A research paper on the DeepSeek-R1 inference model, co-authored by the DeepSeek team and with Liang Wenfeng as corresponding author, graced the cover of issue 645 of the prestigious international journal Nature. Compared to the initial DeepSeek-R1 paper published in January of this year, this paper provides more details on the model’s training.
DeepSeek-R1 is also reportedly the world’s first mainstream large-scale language model to undergo peer review. Nature commented: “Almost all mainstream large-scale models have not yet undergone independent peer review, a gap that has finally been broken by DeepSeek.”
The paper’s abstract states that general reasoning has been a long-standing and daunting challenge in artificial intelligence (AI). Recent breakthroughs, such as large language models (LLMs) and chain-of-thought (CoT) prompts, have achieved remarkable success in basic reasoning tasks. However, this success relies heavily on large amounts of manually annotated demonstration data, and the models’ capabilities remain limited when handling more complex problems.
Research demonstrates that the reasoning capabilities of large language models can be stimulated through pure reinforcement learning (RL), without relying on manually annotated reasoning traces. The proposed RL framework promotes the autonomous formation of advanced reasoning patterns, such as self-reflection, verification, and dynamic policy adjustment.

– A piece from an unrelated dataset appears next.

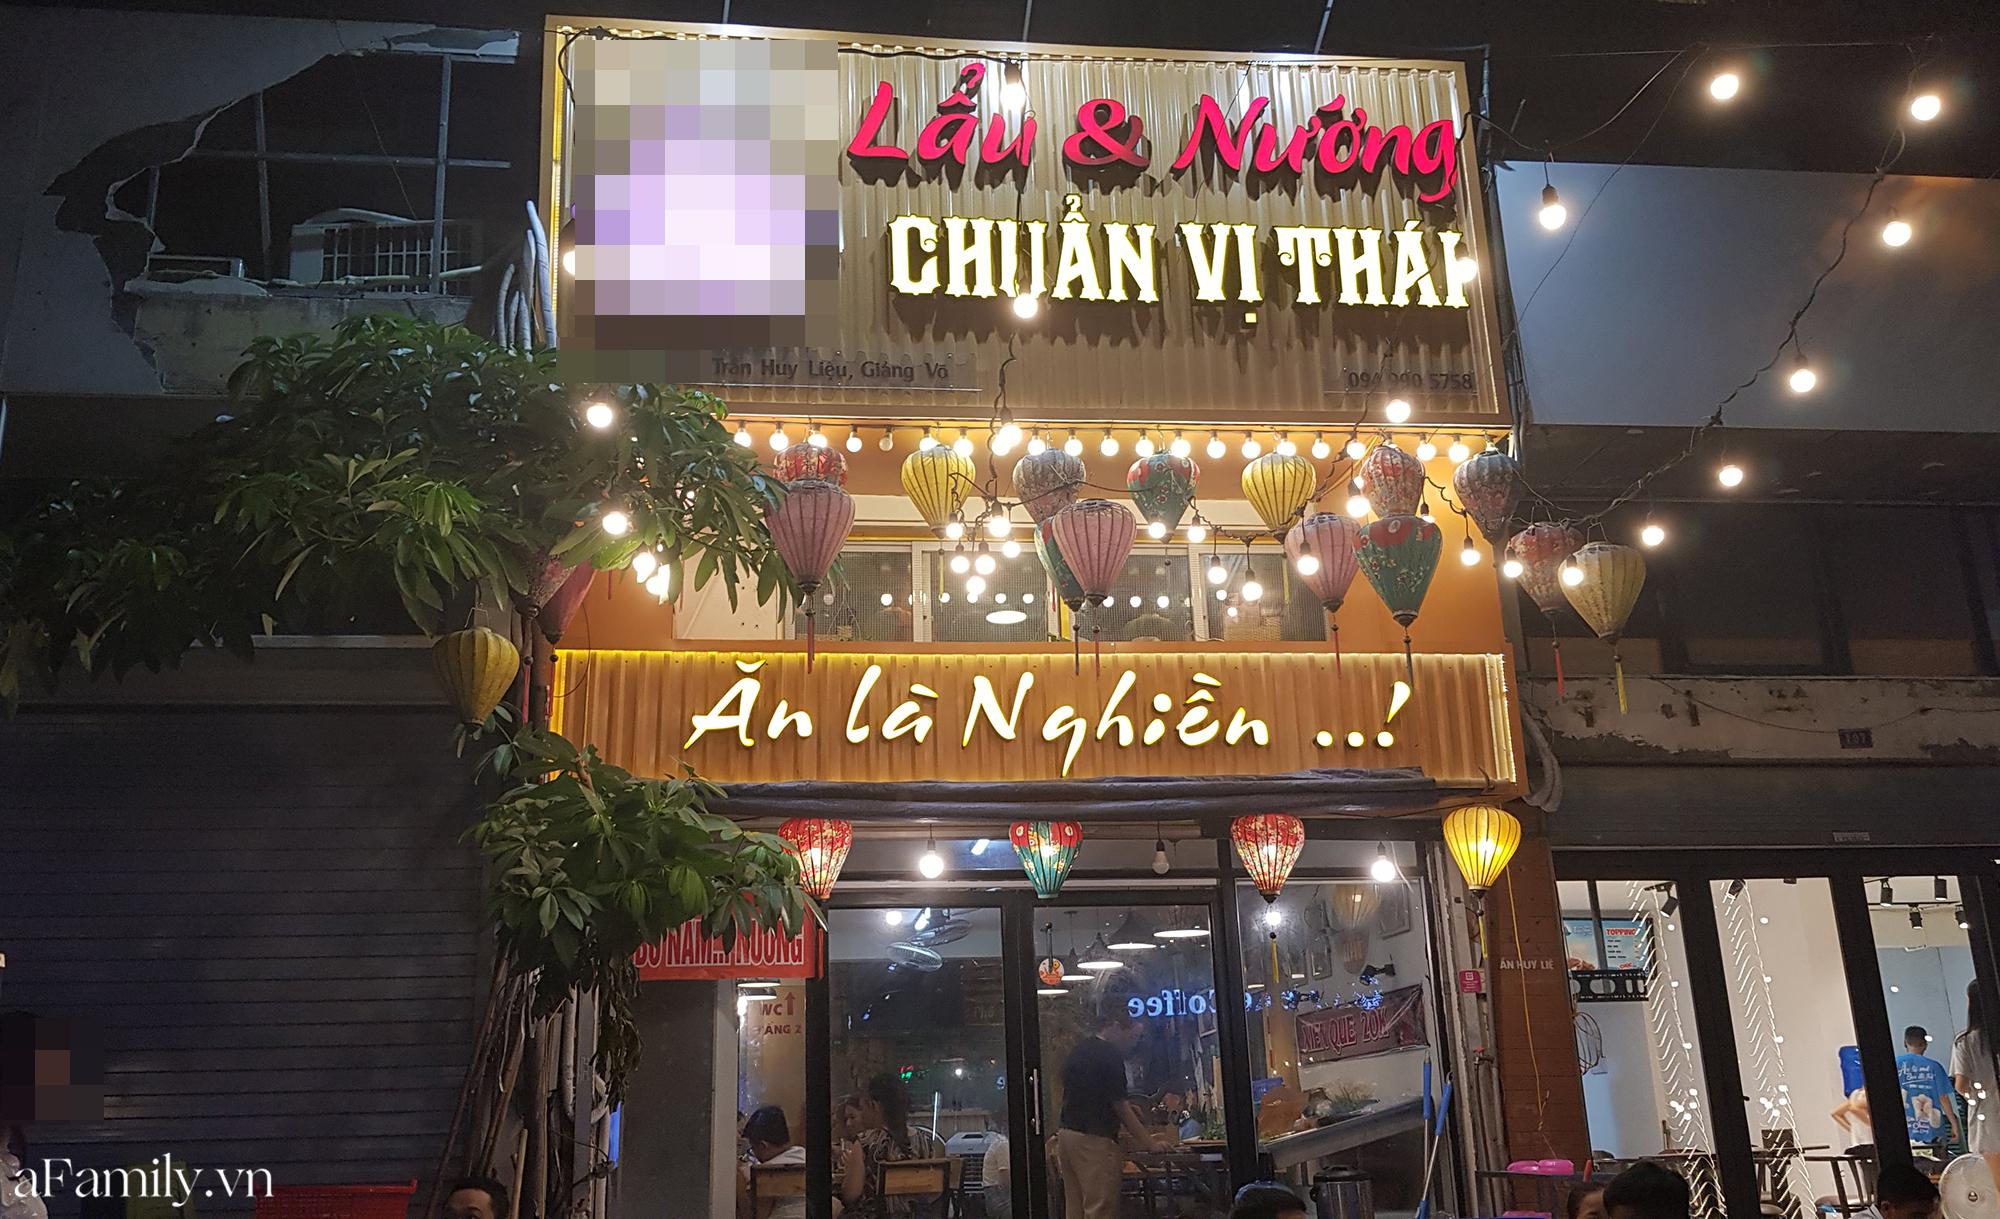 """Dân mạng chê quán ăn tại Hà Nội có món sườn cay khổng lồ phong cách Thái Lan """"đượm mùi tủ lạnh"""", vậy còn thực tế ra sao, liệu có như lời đồn? - Ảnh 2."""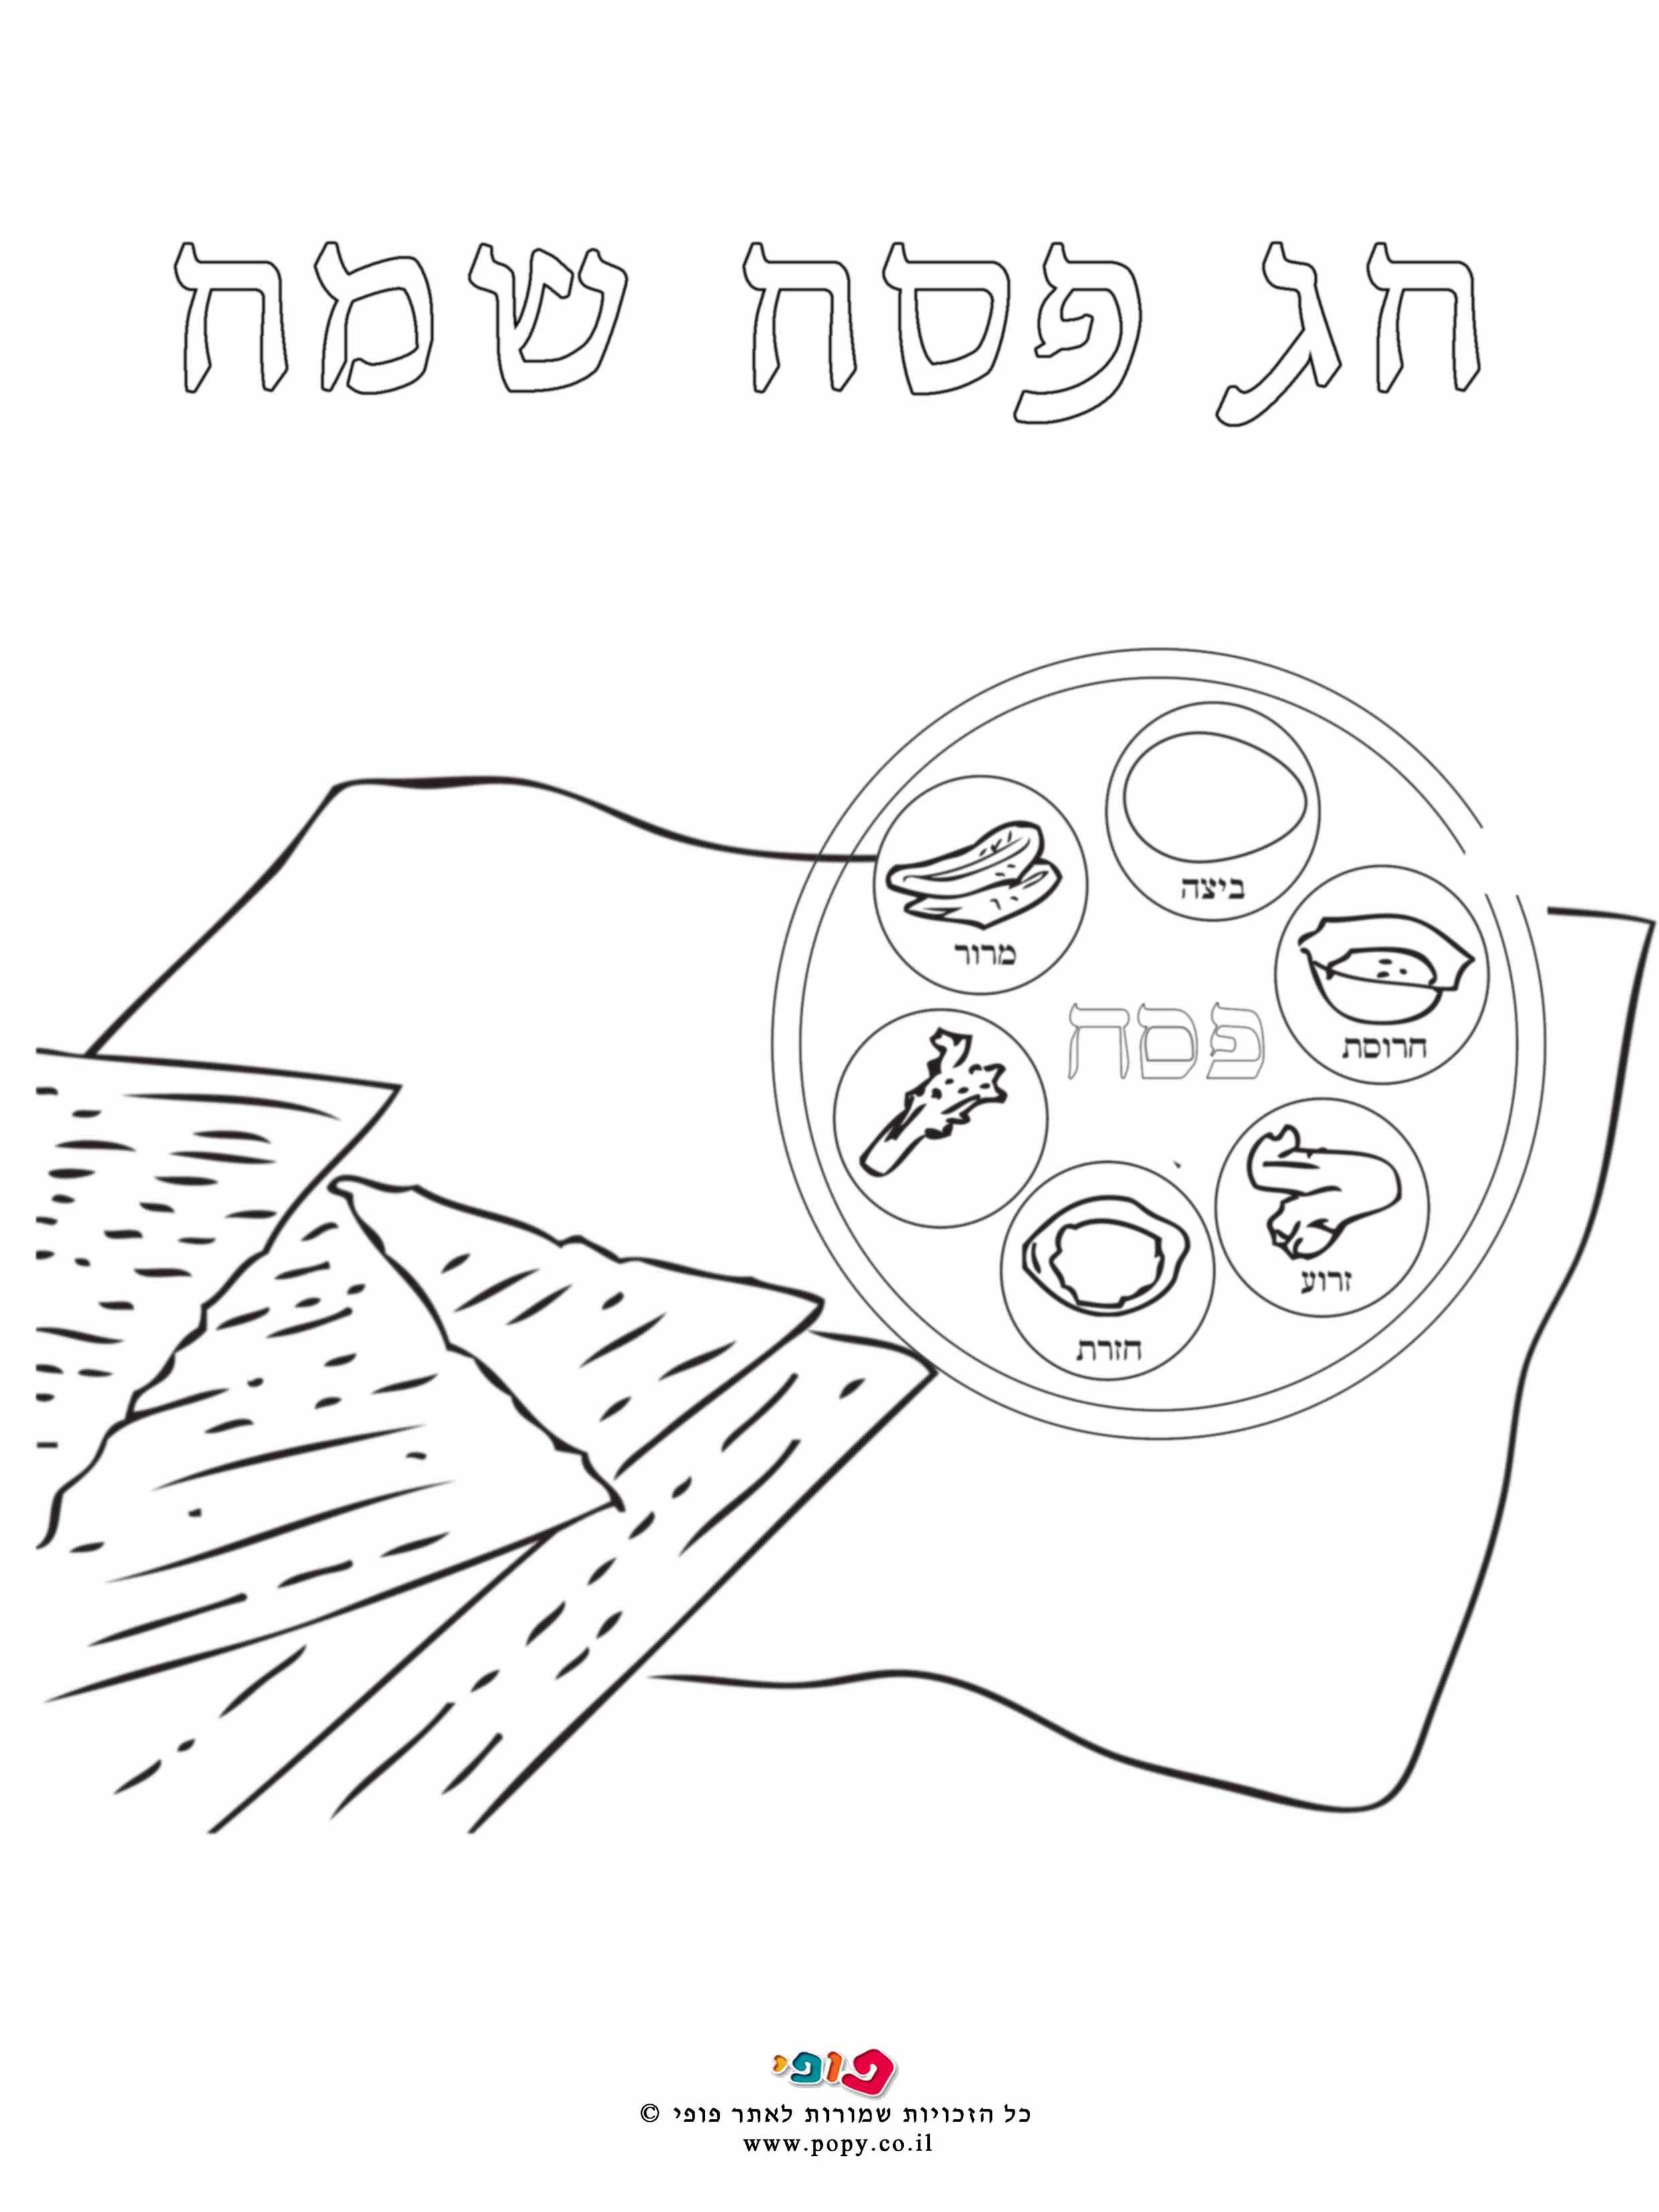 דפי יצירה לילדים לחג הפסח

As a result, the trained models demonstrate superior performance on verifiable tasks in mathematics, programming competitions, and STEM (science, technology, engineering, and mathematics) fields, outperforming comparable models trained using traditional supervised learning (based on human demonstration data). Furthermore, the autonomous reasoning patterns exhibited by these large-scale models can be systematically used to guide and improve the reasoning capabilities of smaller models.